• [Data extracts]:
——

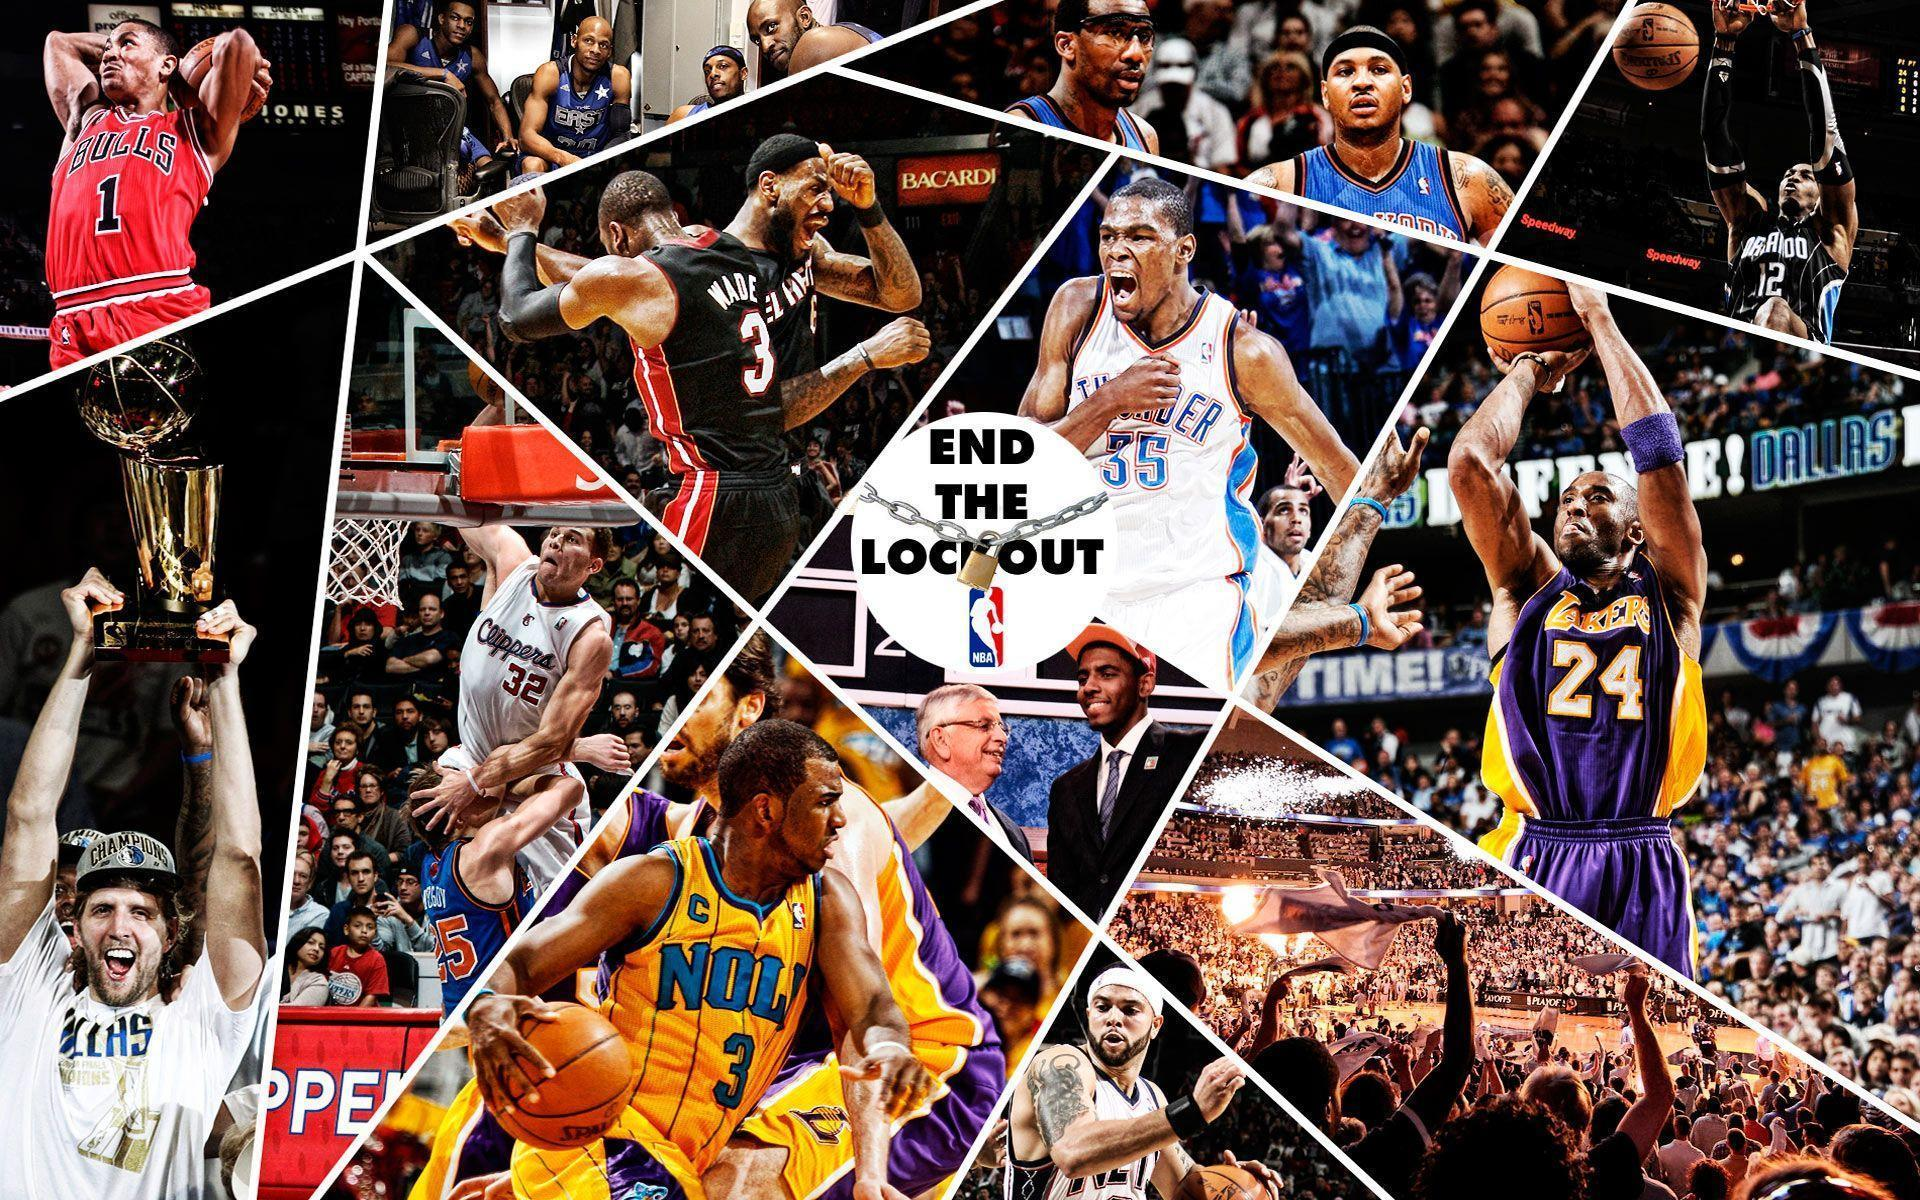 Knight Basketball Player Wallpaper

——

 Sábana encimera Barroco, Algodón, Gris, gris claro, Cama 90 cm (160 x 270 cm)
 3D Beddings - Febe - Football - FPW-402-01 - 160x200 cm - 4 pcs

——

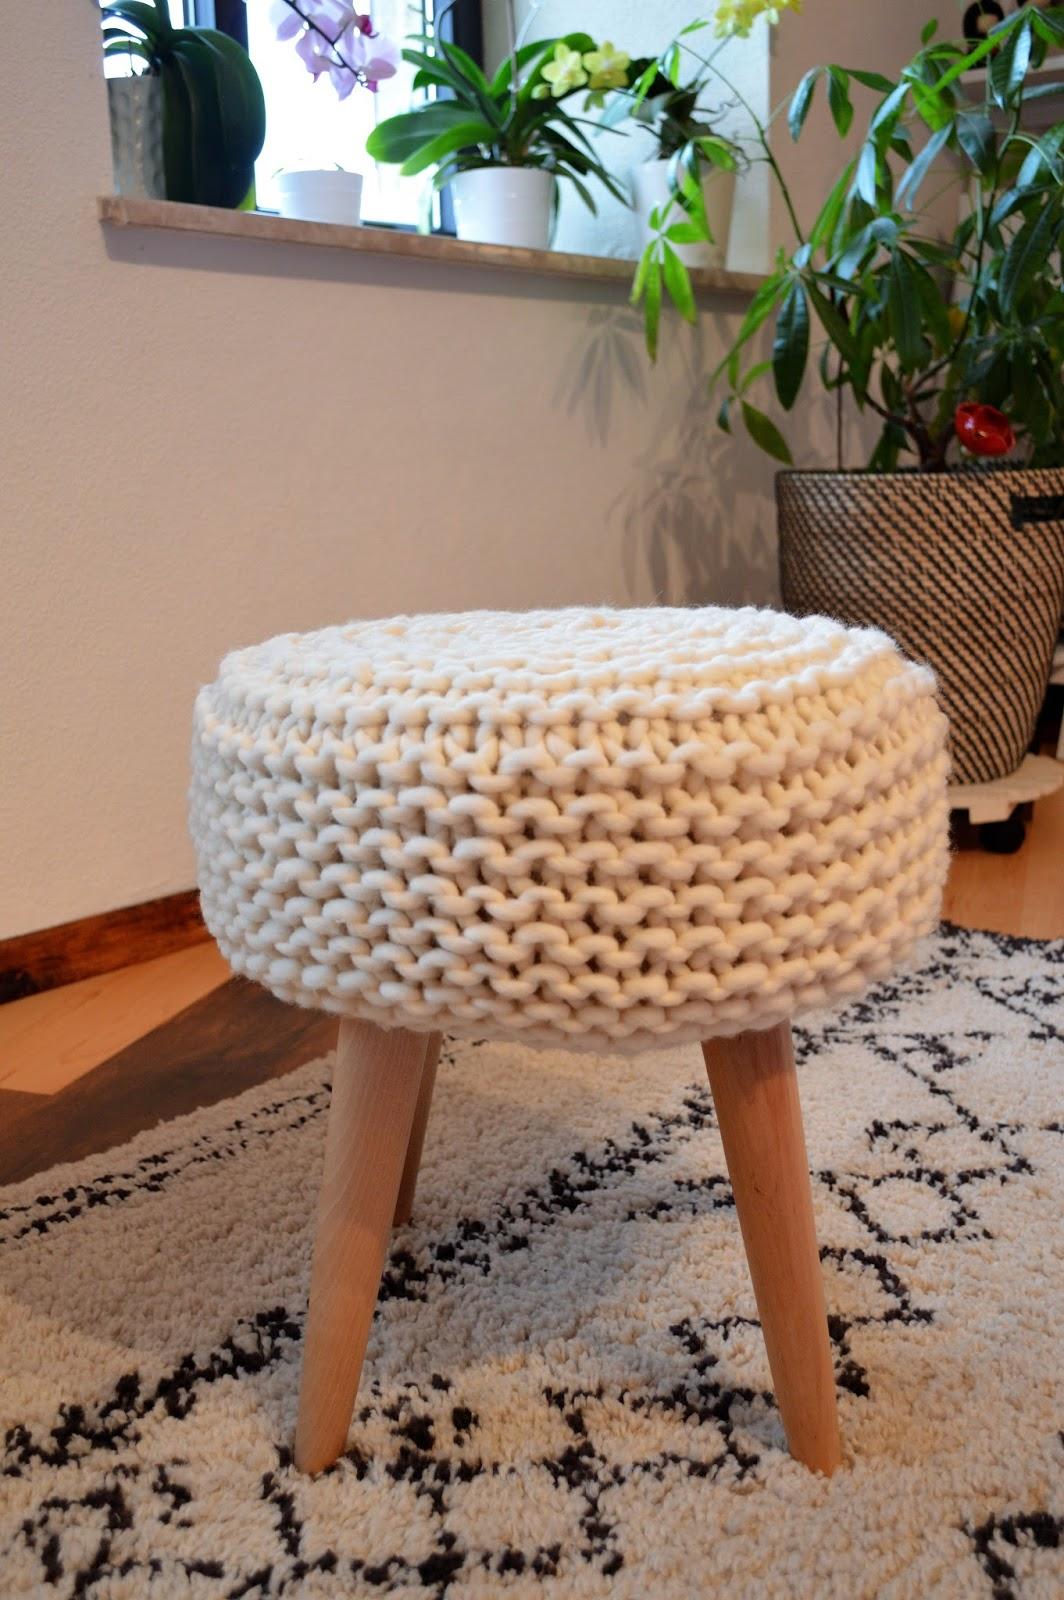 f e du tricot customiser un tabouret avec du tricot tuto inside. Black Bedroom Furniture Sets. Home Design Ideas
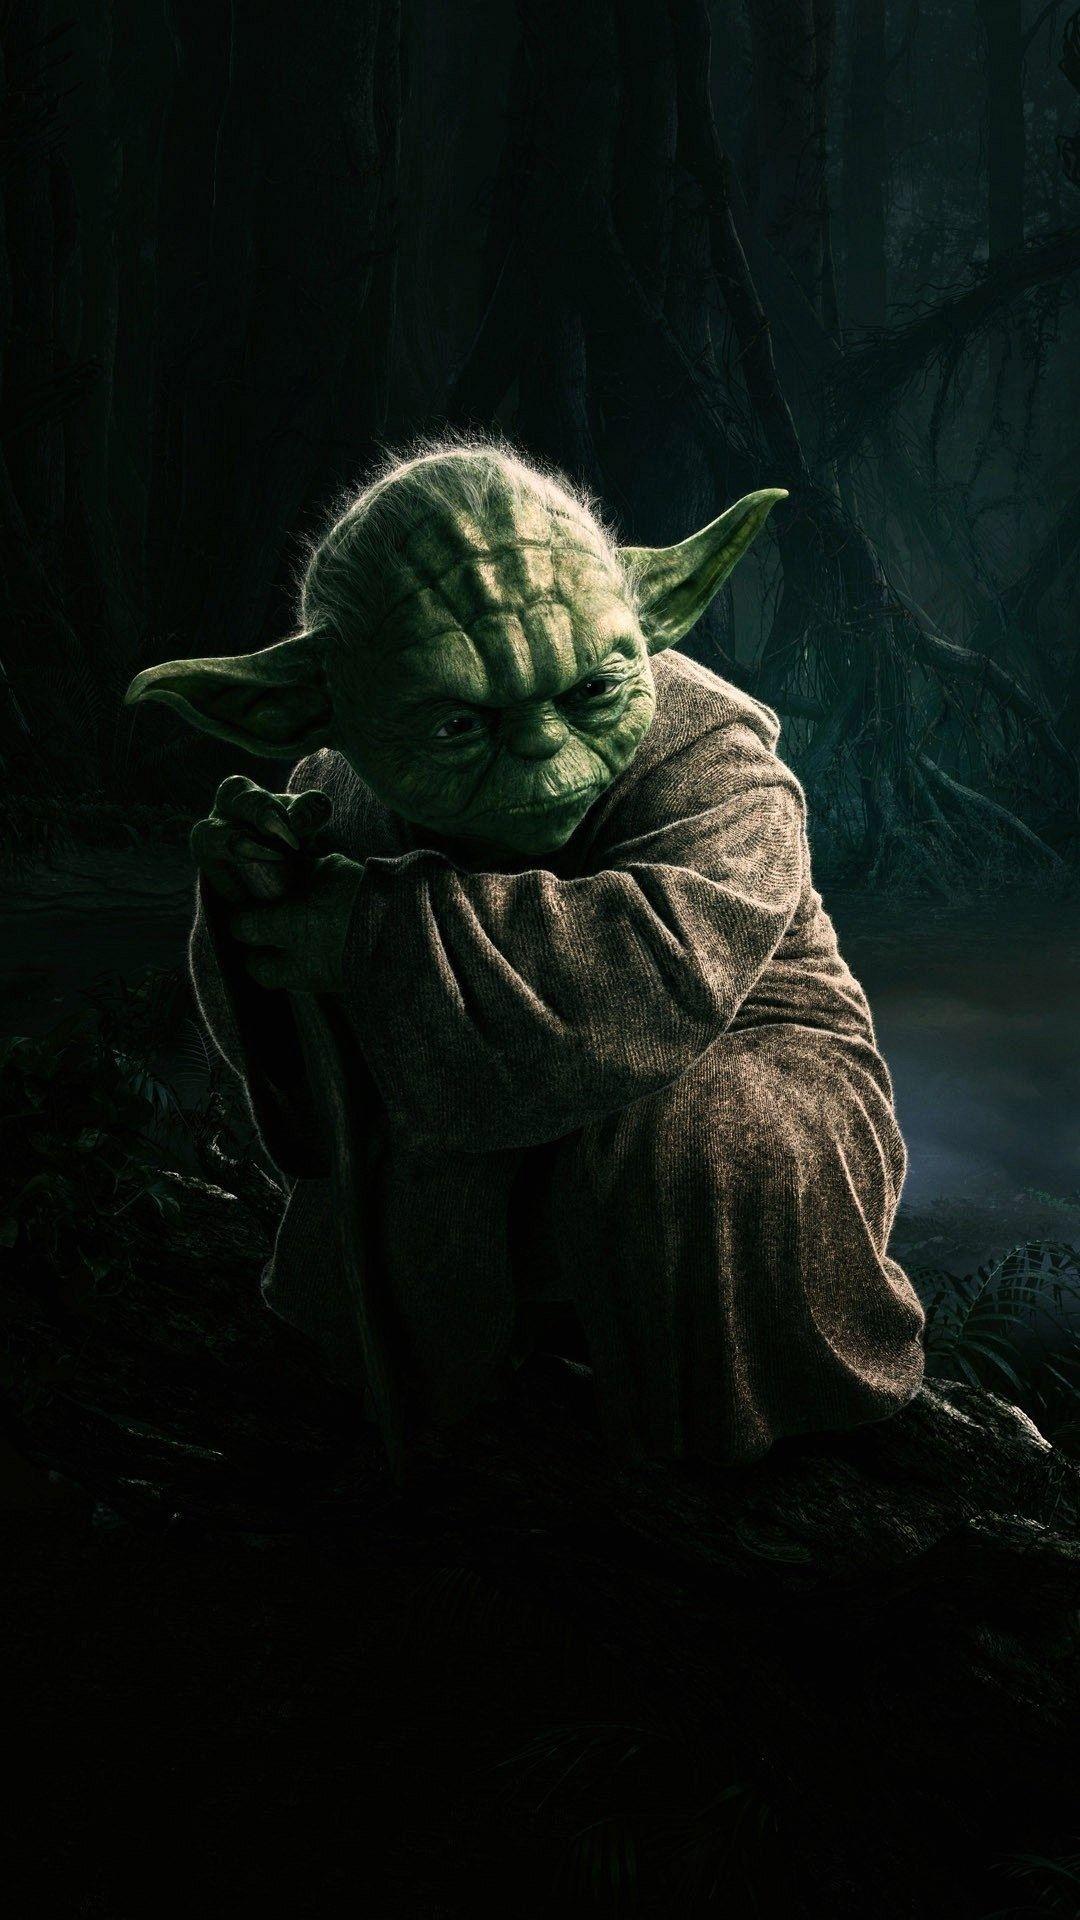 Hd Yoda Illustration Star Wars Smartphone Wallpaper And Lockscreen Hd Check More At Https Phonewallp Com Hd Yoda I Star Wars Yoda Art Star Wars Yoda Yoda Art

——

• [Description of the task]:
Copy only this part of the entries above: the line with "Sábana encimera Barroco, Algodón, Gris, gris", the line with "3D Beddings - Febe", and the lines between, all exactly as written.

• [The completed task]:
 Sábana encimera Barroco, Algodón, Gris, gris claro, Cama 90 cm (160 x 270 cm)
 3D Beddings - Febe - Football - FPW-402-01 - 160x200 cm - 4 pcs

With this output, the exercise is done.